New York Times listens to Latino evangelicals: 'Politically homeless' voters pushed toward Trump

It was one of those statistics that, on the night of the 2016 election, jumped out of the haze of shock and fear on the major networks.

No one who has lived in South Florida was all that surprised that National Election Pool numbers showed Donald Trump winning slightly more than half of Florida’s Cuban voters. However, I was stunned that — after all of his rhetoric on immigration issues — he was backed by 35% of the Latino voters in that life-or-death swing state. Yes, that’s lower, as the Pew Research Center team noted, than Mitt Romney’s 39% of the 2012 vote. But it was still stunning.

Then I watched as some commentators noted that Trump was running stronger than expected in the Interstate highway corridors in and around Orlando. If you follow religion in Florida, that’s prime megachurch territory — including churches packed with Latino evangelicals and Pentecostal believers.

I thought to myself: Did Latino evangelicals and Pentecostal Christians put Trump in the White House? In a race that close, that had to be a factor in Trump getting 35% of Florida’s Latino votes. And Trump had to have Florida.

Every since then, I have been watching to see if mainstream newsrooms would connect the dots between the growth of Latino evangelical churches and this trend’s potential impact in state and national elections. Now we have a few headlines to consider.

If you want a political-desk story that is mostly tone deaf on matters of religion, then check out the recent Washington Post piece with this paint-by-numbers headline: “Despite Trump’s actions against immigrants, these Latino voters want four more years.”

Instead of lingering there, I would point GetReligion readers to the New York Times piece that ran under this expansive double-decker headline:

Latino, Evangelical and Politically Homeless

Hispanic evangelicals identify as religious first and foremost. That’s why, despite his harsh rhetoric on immigration, many back President Trump.

This is one of those stories in which people of one congregation are allowed to speak for various groups inside a larger flock. The most important thing is that readers get to hear from believers who do not fit into the cookie-cutter world of America’s major political parties. It’s a must-read piece.

The overture is long, but essential:

PHOENIX — At the Church of God of Prophecy, hundreds come each Sunday for two hours of worship in Spanish. They share passages from the Bible, sing and embrace each other tightly. The evangelical congregation, led for nearly 25 years by Pastor Jose Rivera, is nearly all Latino, the vast majority with roots in Mexico.

They are not unlike the people President Trump attempted to demonize from the outset of his first campaign, or all that different from those he is trying to keep out with his border wall and hard-line immigration policies.

But they do not agree on Mr.

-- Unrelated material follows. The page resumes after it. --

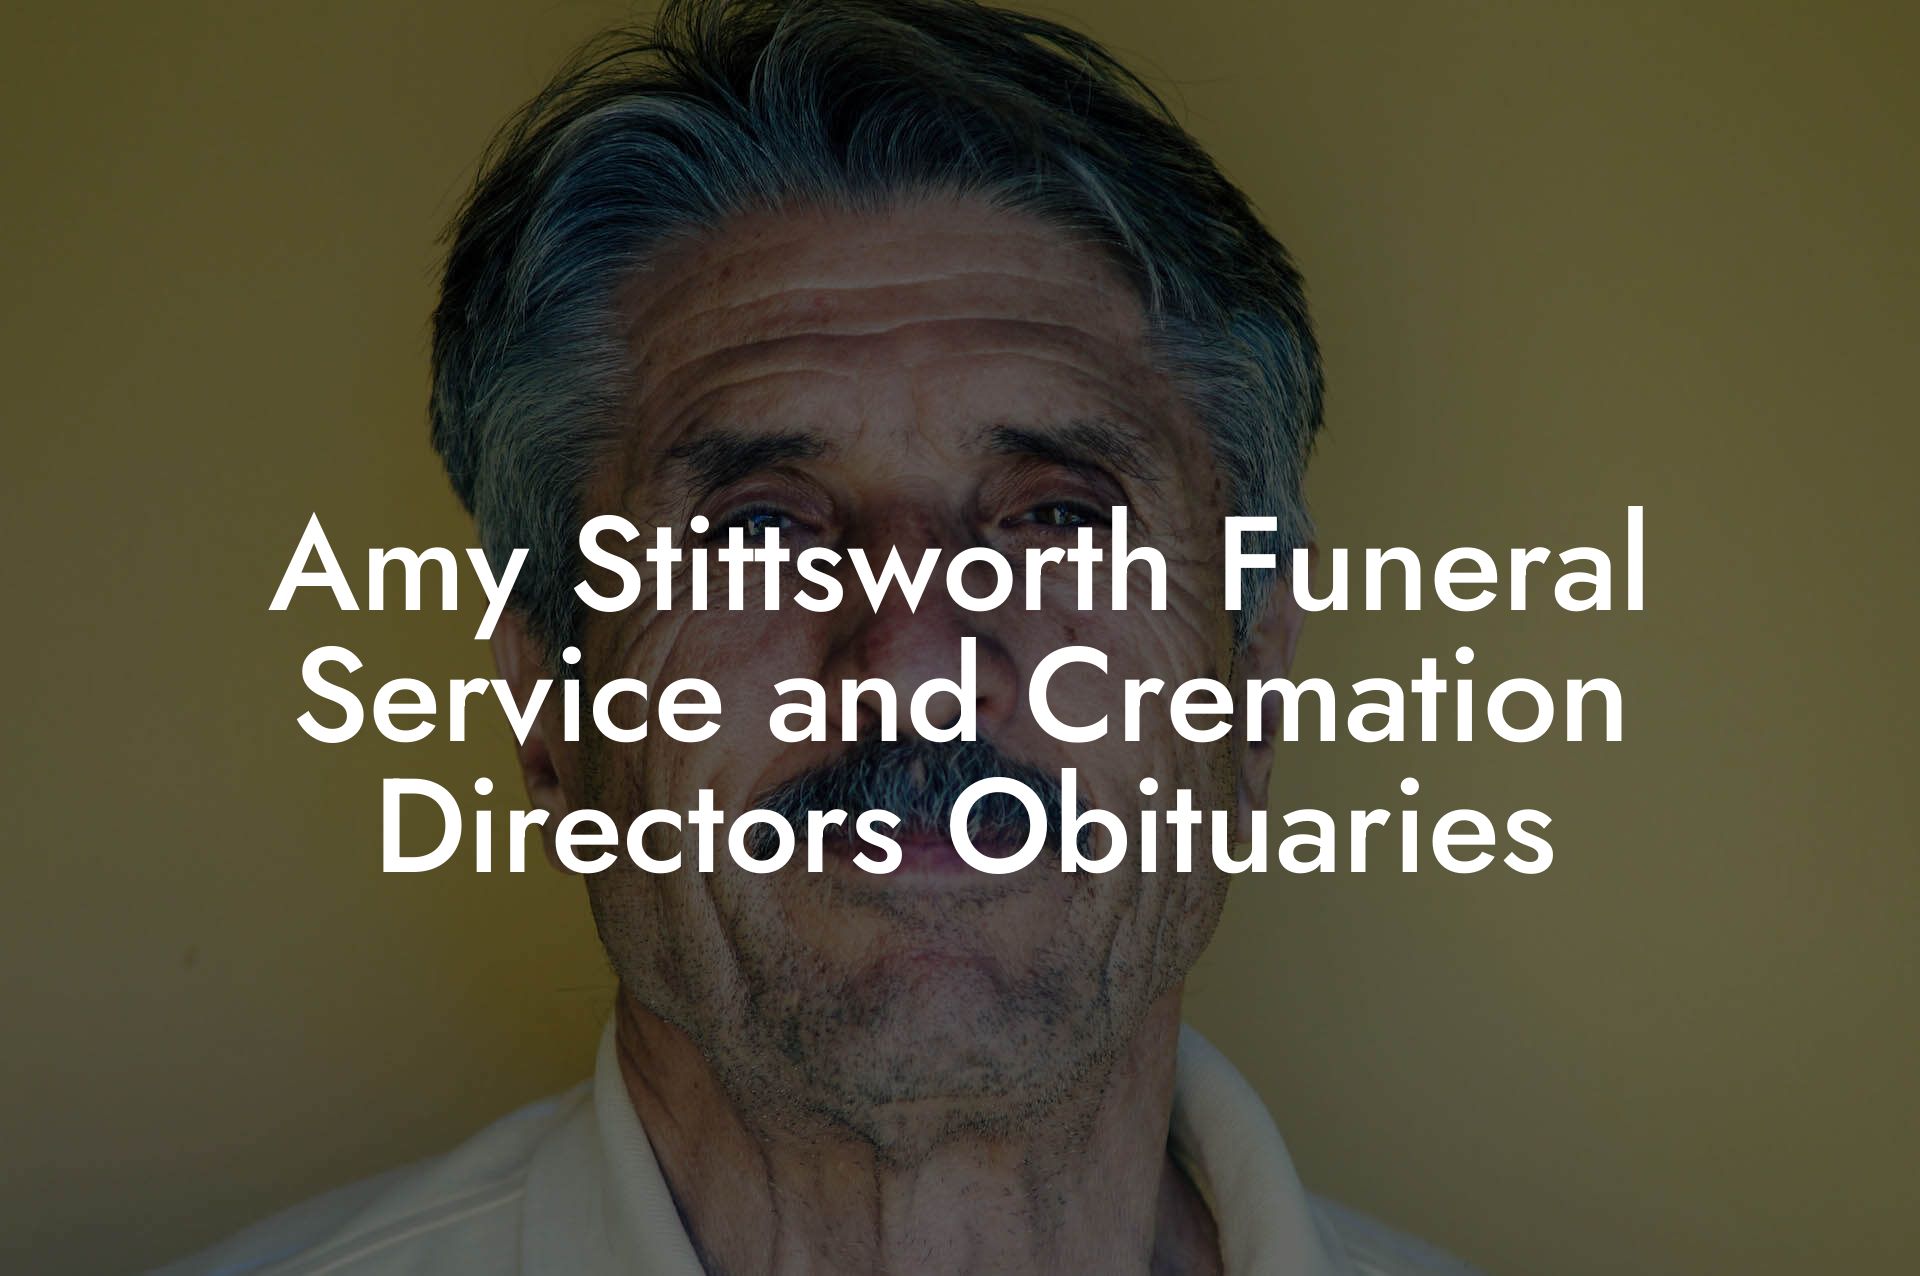 Amy Stittsworth Funeral Service and Cremation Directors Obituaries

Trump — some see him as a savior, others as a predator. By Mr. Rivera’s estimate, somewhere between a quarter and a third of his congregants support Mr. Trump, a rate that is echoed in national polls.

As it turns out, matters of doctrine and religious freedom are at the heart of this tense standoff, along with strong Latino support for small businesses and local community values. That leads to this summary:

When Pastor Rivera looks at his congregation of 200 families he sees a microcosm of the Latino vote in the United States: how complex it is, and how each party’s attempt to solidify crucial support can fall short. There are not clear ideological lines here between liberals and conservatives. People care about immigration, but are equally concerned about religious liberty and abortion. …

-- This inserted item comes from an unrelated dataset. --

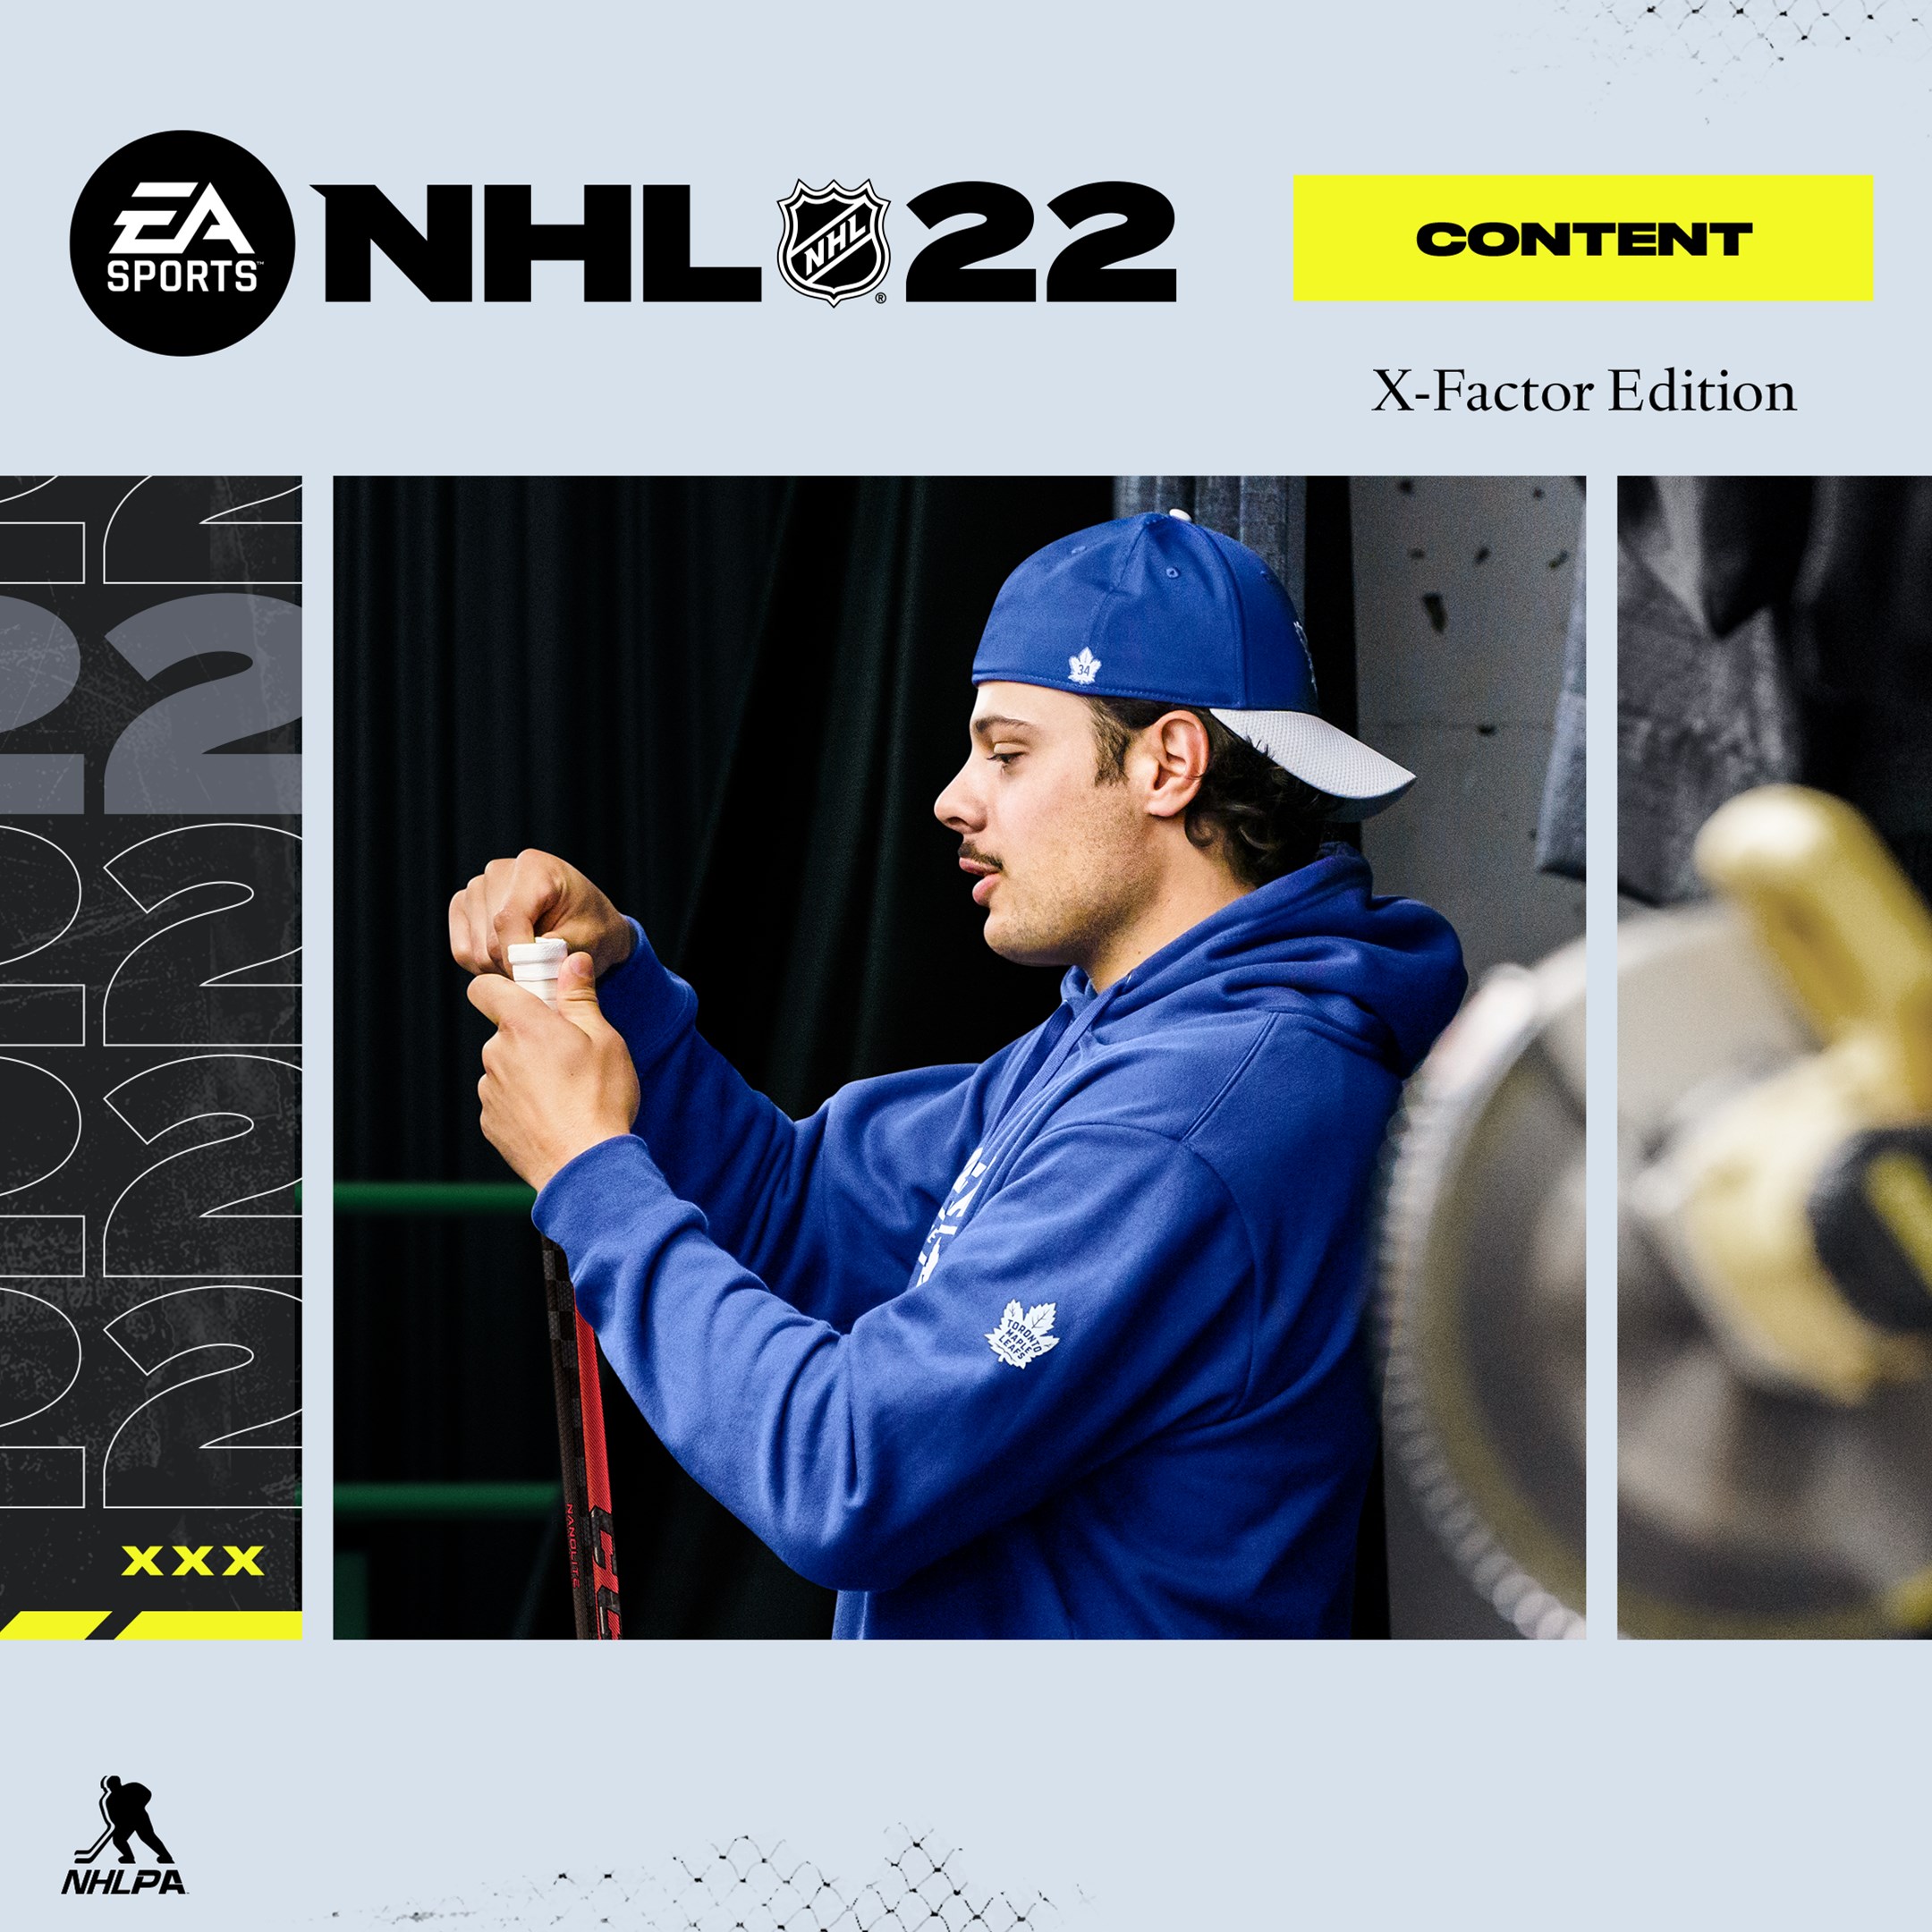 NHL® 22 X-Factor Edition Content

To explain his own partisan affiliation, Mr. Rivera says he is “politically homeless.”

That’s fascinating for this simple reason: That sounds just like the laments I have heard from all kinds of reluctant Trump voters — Catholic, Orthodox, evangelicals, etc. — who define themselves in terms of their religious convictions, more than loyalty to a political party. They feel stuck, but shoved toward the GOP because of an overwhelming sense of fear caused by Democrats (and mass media professionals) who now put “religious liberty” inside scare quotes.

Later in the piece, there is another summary that — to the credit of reporter Jennifer Medina — reaches past mere political information and sees the bigger cultural picture.

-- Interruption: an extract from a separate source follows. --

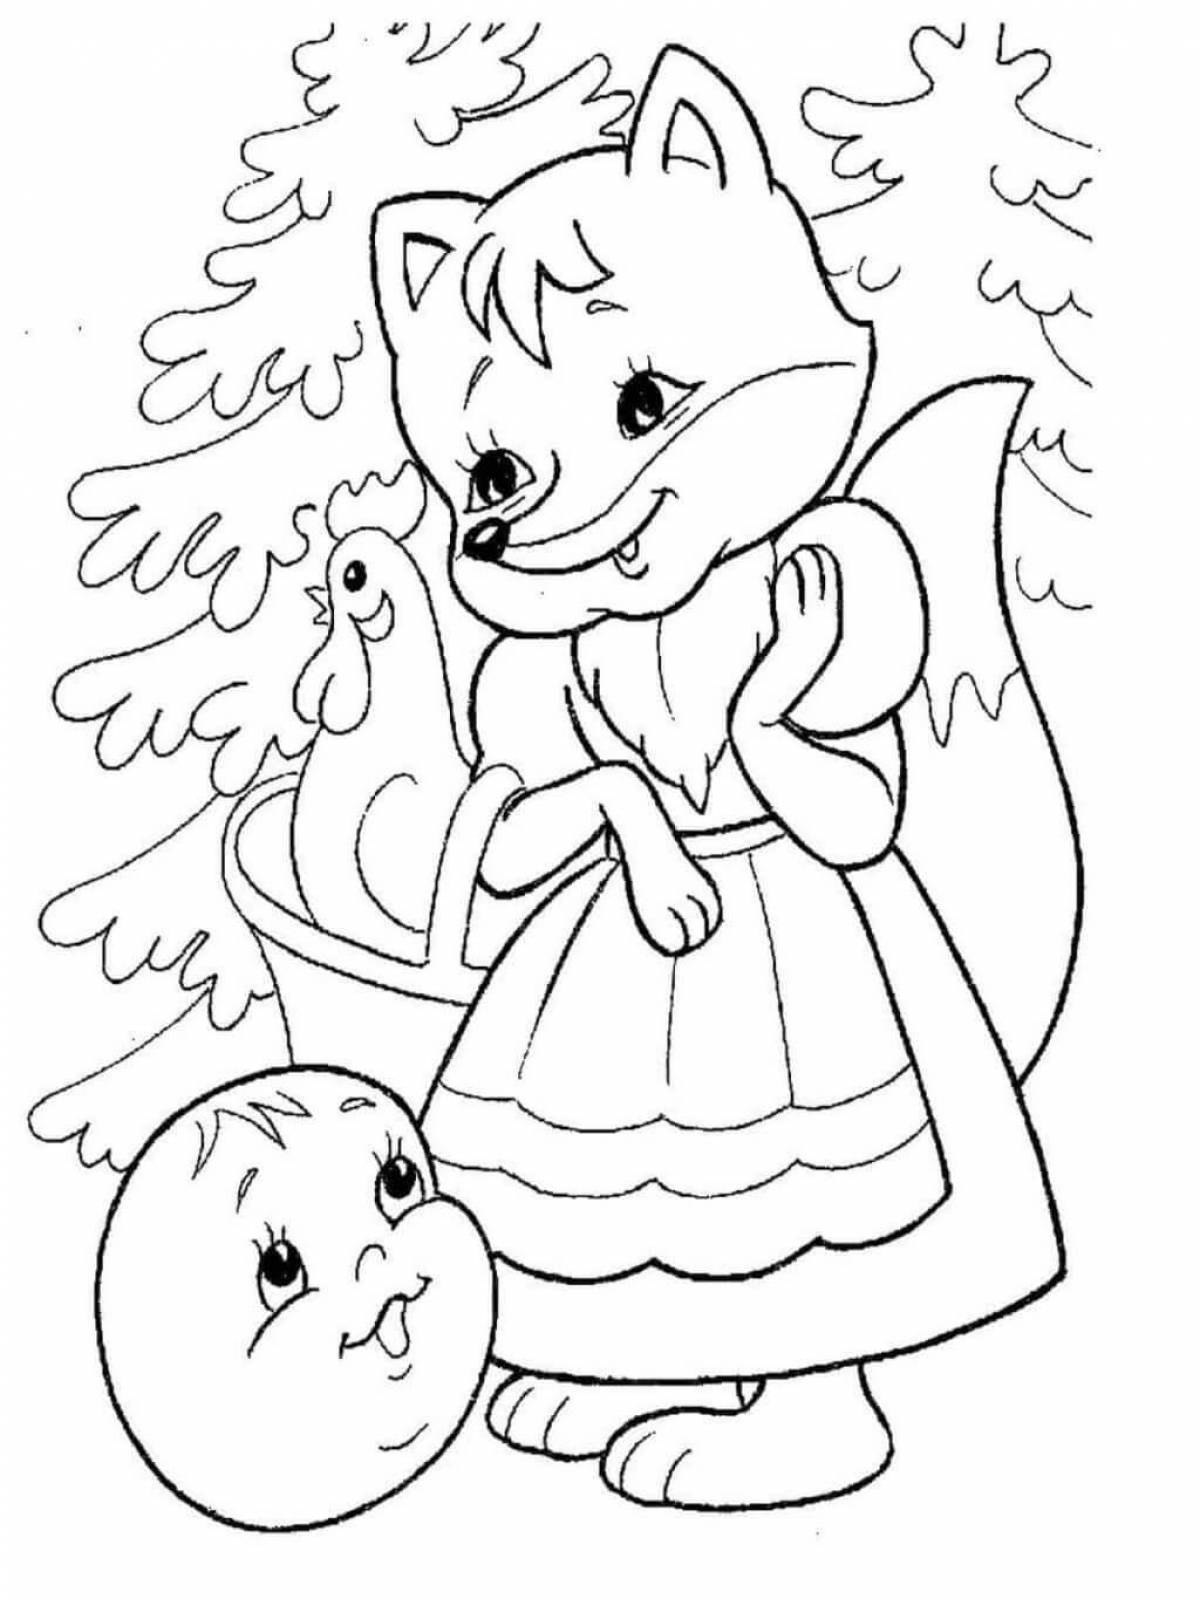 Radiant fox and bunny coloring page

Hispanic evangelicals are one of the fastest growing religious groups in the country, booming in states that could decide the presidential election, including Arizona, North Carolina and Colorado. Republicans have long sought to attract them dating back to the Reagan era and most aggressively by George W. Bush, who had the support of more than 40 percent of Latino voters, the highest level recorded.

This is not a question of assimilation — on the contrary, many Hispanic evangelicals primarily speak Spanish and see themselves as outside of any kind of mainstream, set apart by their religious views as much as their ethnicity. In conversations about politics, they say they believe that economic success essentially insulates against racism, and failure to achieve such success should be blamed on an individual rather than any kind of systemic problem.

Note that Big Idea: These are Americans who are “set apart by their religious views as much as their ethnicity.”

Image that, and allow it to sink into your thinking about the news hooks summed up in that second chart prepared by — who else — political scientist Ryan Burge of the Religion in Public blog (and GetReligion, as well). Click here for his must-follow Twitter feed.

Stay tuned.

This is a very important religion story (ask Catholic bishops about that), as well as a trend that leaders in the major parties had better study, if they know what’s good for them.